=== Required action ===
Copy word for word the lines in the records below, starting at the line with "Vacances en Apulia." and ending at the line with "Housse microfibre bi-extensible". Skip the pictures.

=== Given records ===
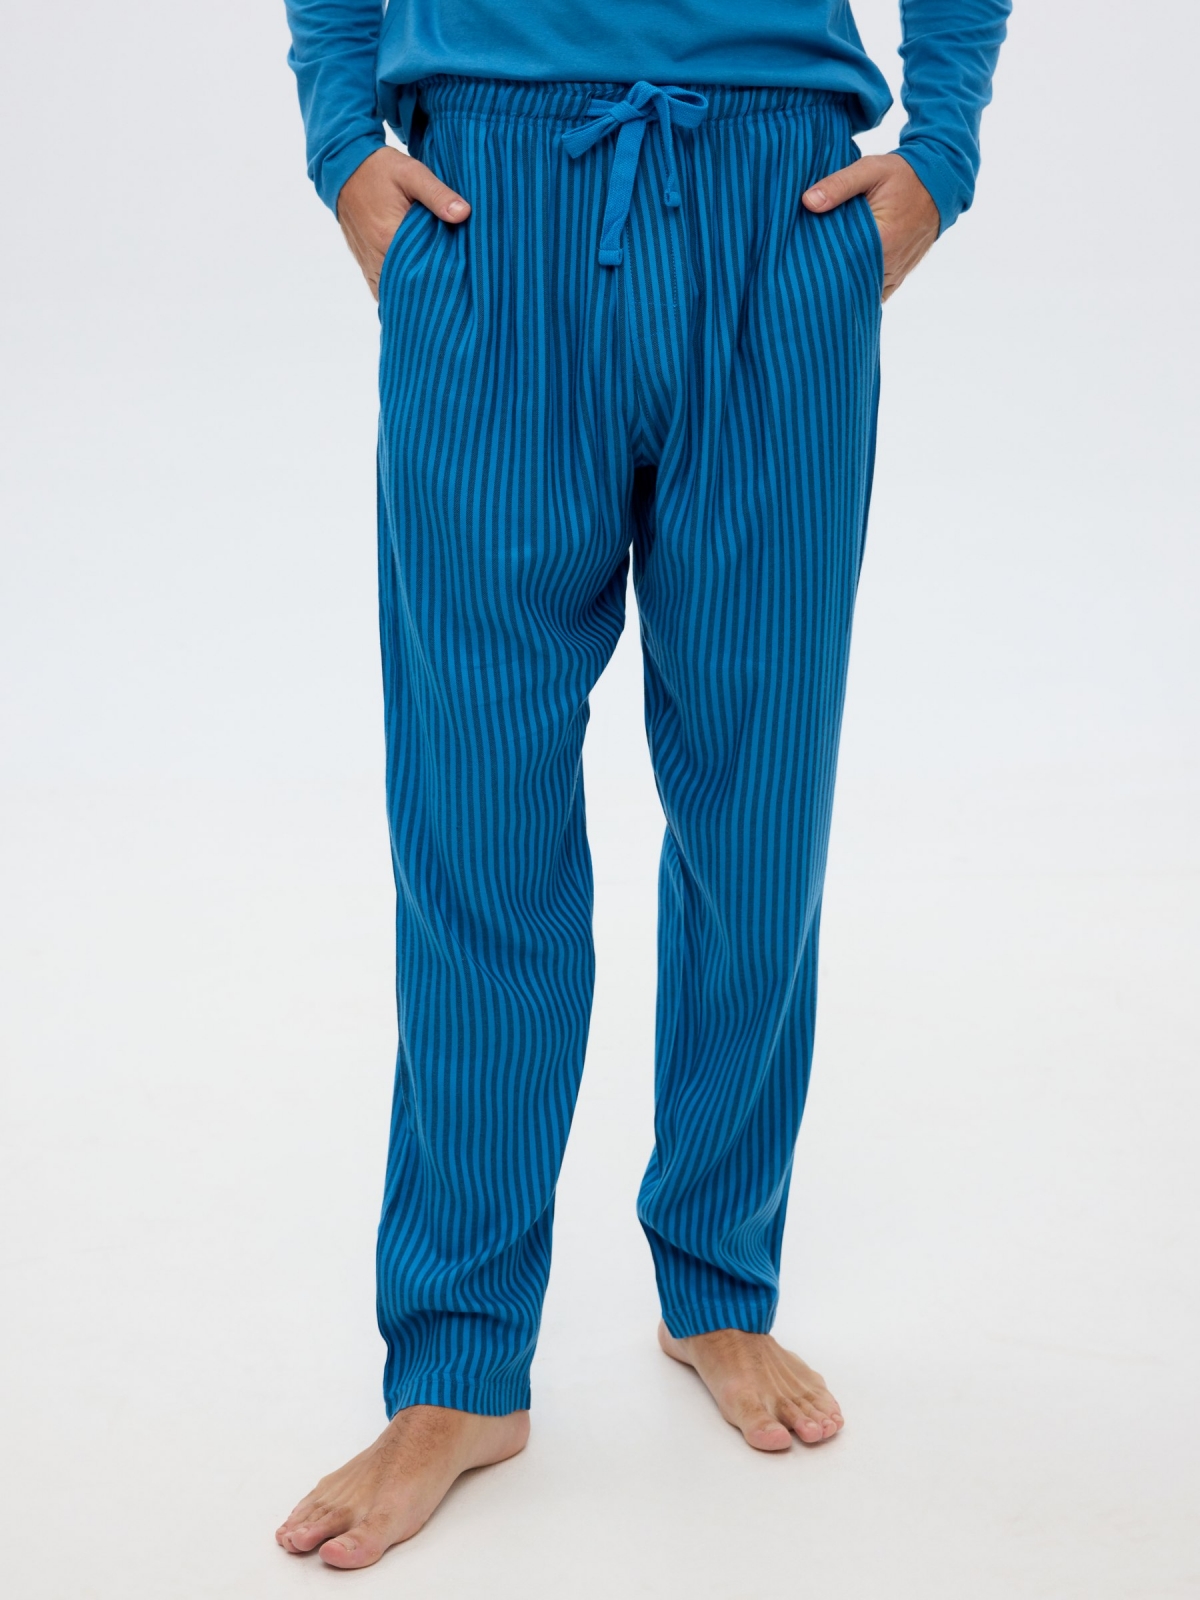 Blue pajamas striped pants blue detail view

* * *

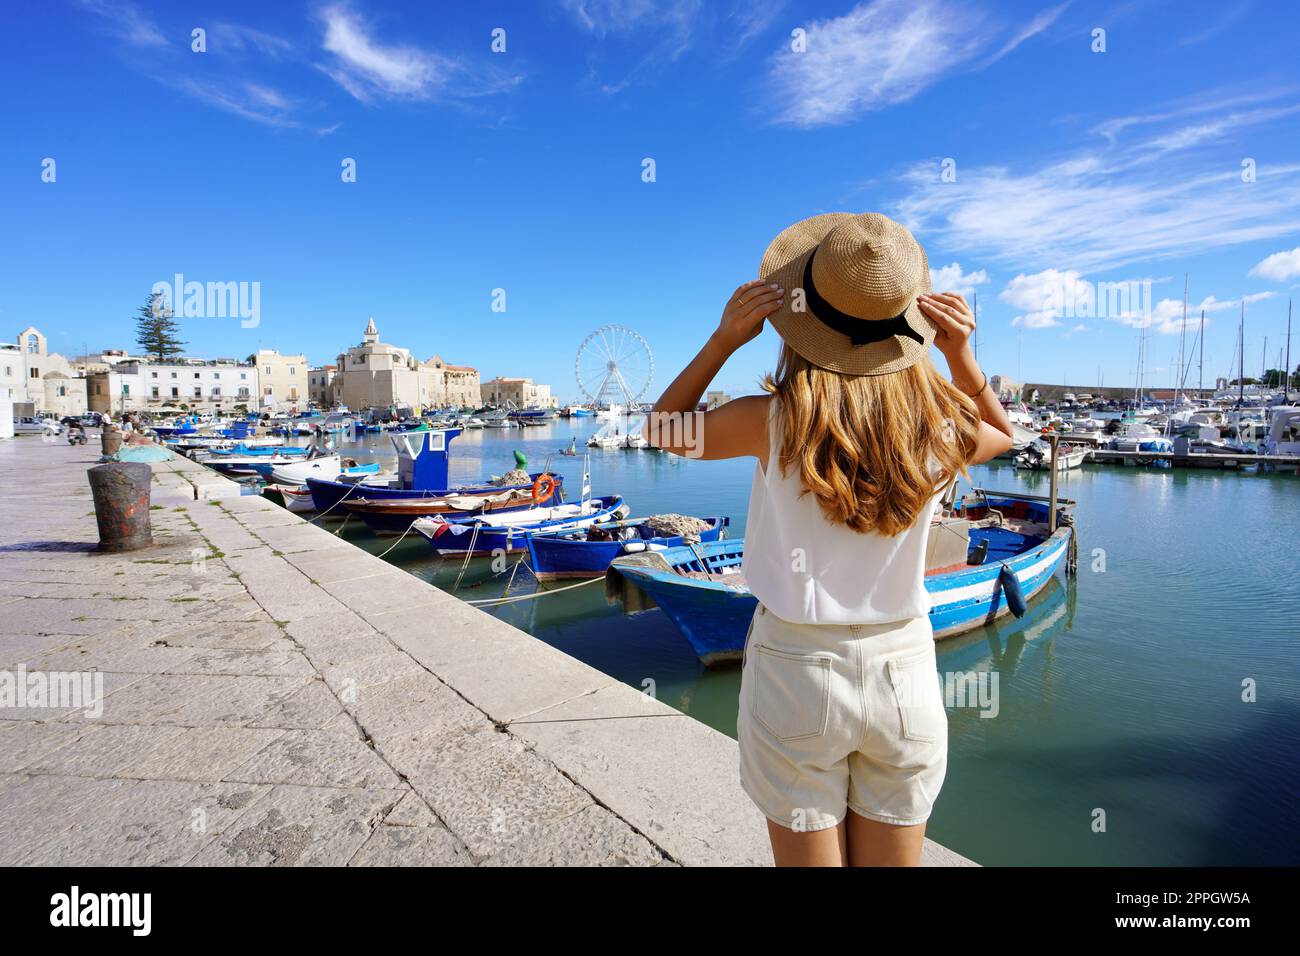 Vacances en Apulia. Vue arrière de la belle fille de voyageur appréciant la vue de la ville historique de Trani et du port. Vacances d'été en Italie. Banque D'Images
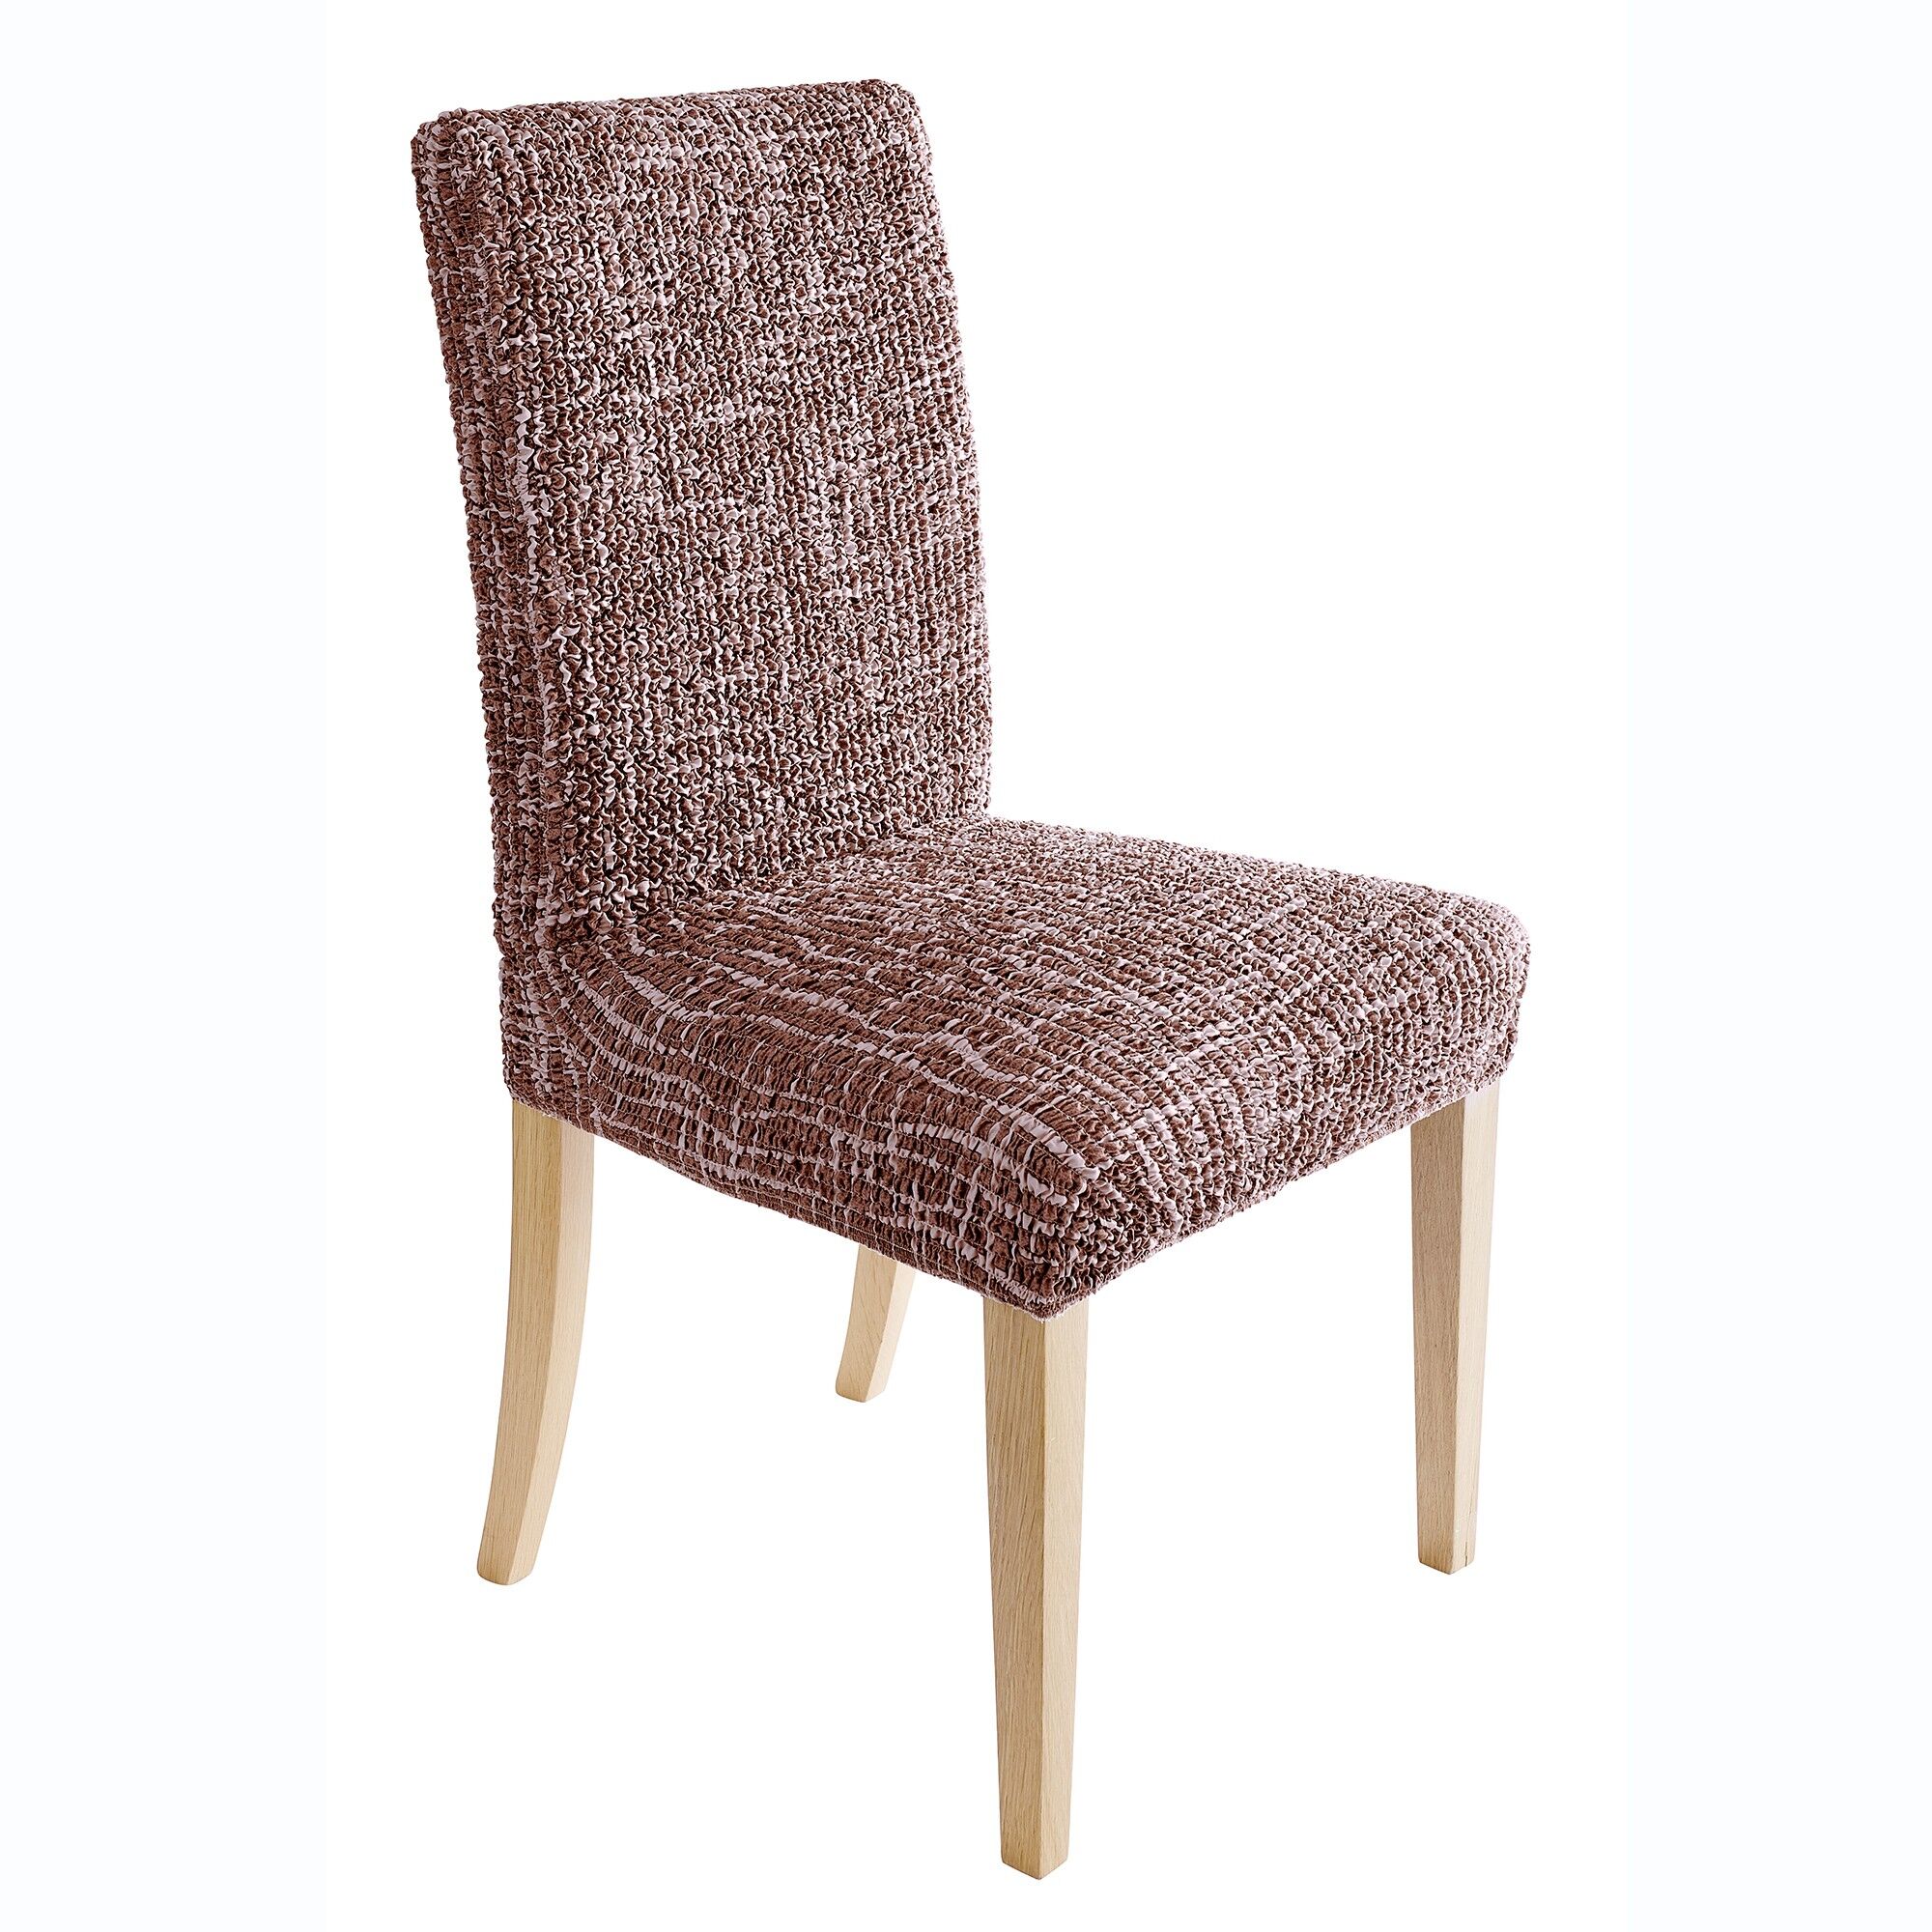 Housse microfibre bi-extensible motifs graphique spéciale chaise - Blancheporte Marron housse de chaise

==

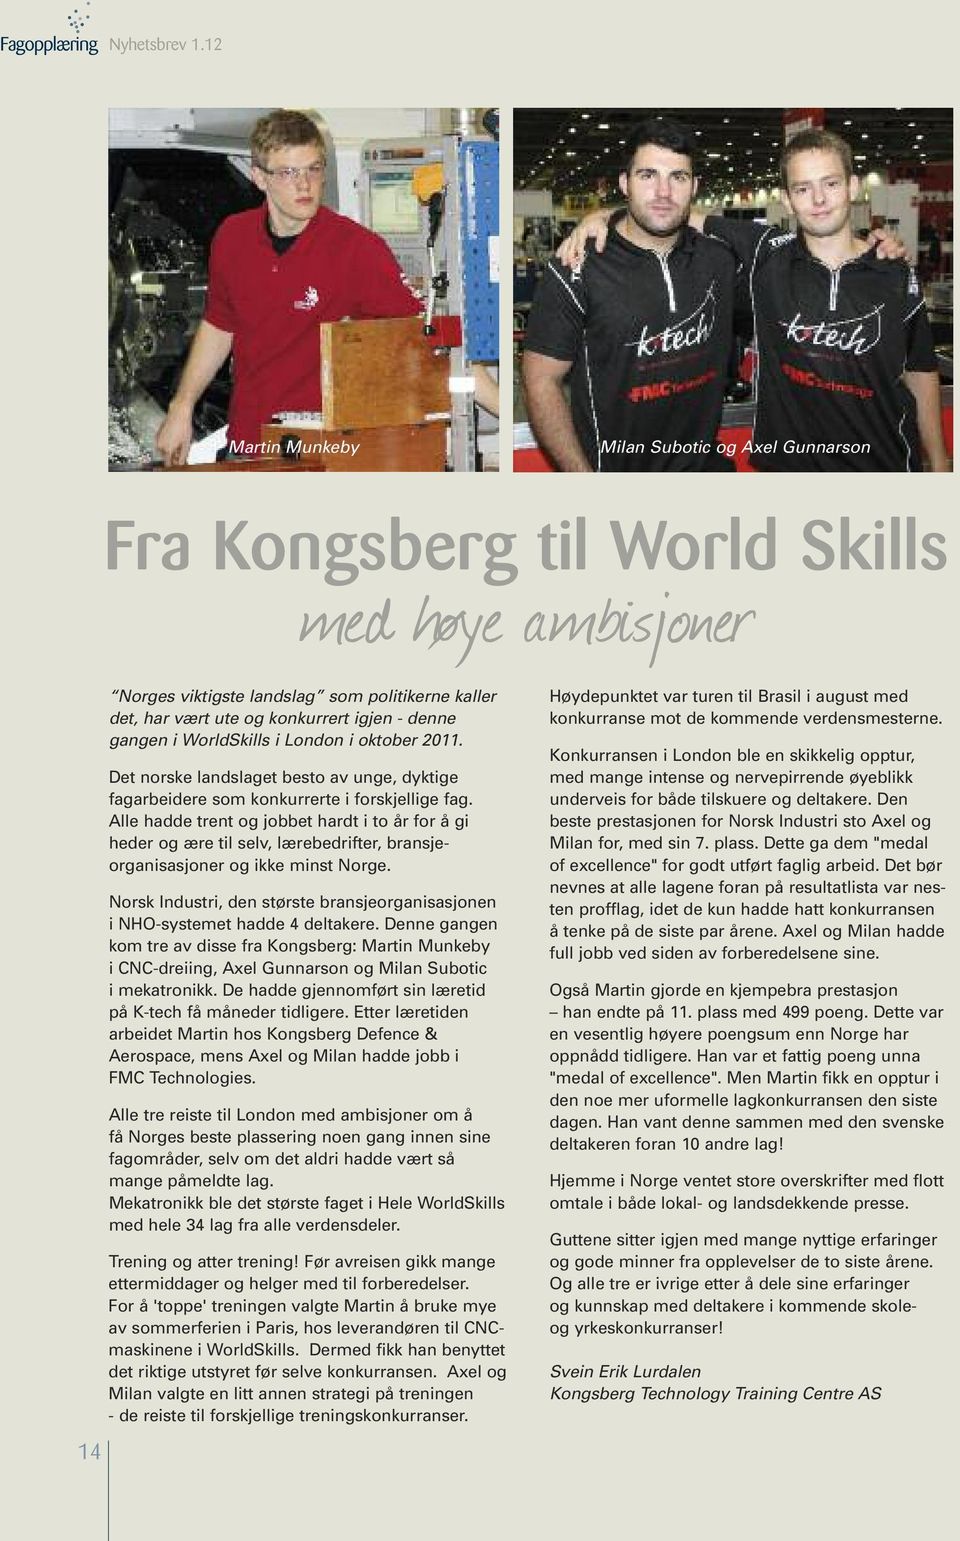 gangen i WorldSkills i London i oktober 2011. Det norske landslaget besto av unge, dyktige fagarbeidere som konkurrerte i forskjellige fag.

=== Reply ===
 Vacances en Apulia. Vue arrière de la belle fille de voyageur appréciant la vue de la ville historique de Trani et du port. Vacances d'été en Italie. Banque D'Images
 Housse microfibre bi-extensible motifs graphique spéciale chaise - Blancheporte Marron housse de chaise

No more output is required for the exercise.